Nepal’s rights record was never as dismal as it has been of late. Over the past five months, the media have reported 14 incidents of atrocities against Dalits. Of them, seven were murder cases; two, rape and murder; and two, Covid-19 deaths resulting from negligence by government agencies. The lynching of Nabaraj BK and his friends is another incidence of mass murder committed in the name of caste.
But despite its rights violations record, Nepal had, in 2017, won the election for membership to the UN Human Rights Council. Nepal is preparing its bid for the next three-year term, the elections for which will be held in November this year. It remains to be seen if the country’s human rights record will be accounted for this time around.

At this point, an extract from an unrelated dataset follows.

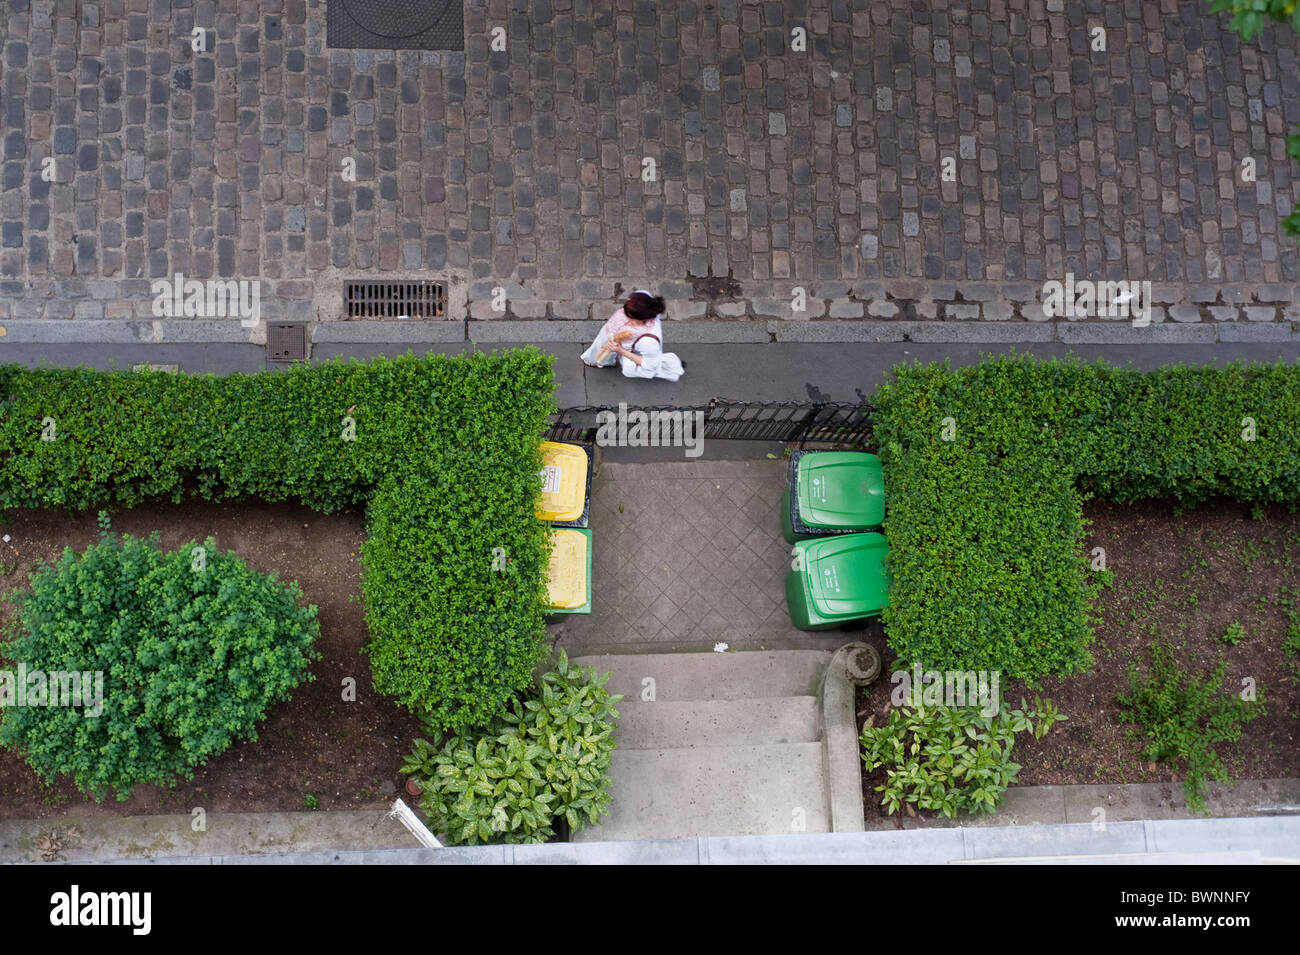 Paris, France, Jardins urbains poubelles en plastique Wheely en face de l'immeuble d'appartements, scène de rue aérienne, jardin à vélo Banque D'Images

In 2017, Nepal had pledged to the international community that it would respect the authority and independence of the NHRC and of the judiciary. But starting that same year, the Nepal government began flexing its power even more and curtailing the rights of the constitutional rights body.
Nepal had also promised that it would implement a credible transitional justice process for conflict-era abuses. However, the government defied the Supreme Court rulings that directed it to form the transitional justice bodies, which are in a state of coma now. And Nepal had promised it would amend the transitional justice act to meet international standards, but it never drafted an amendment to the act.
“Nepal’s authorities love to speak of their commitment to human rights and good governance, but their actions are at odds with those standards,” Ganguly said. “Diplomats and donors should insist on measurable progress on rights protections if they hope to see their financial and technical support bear meaningful results.”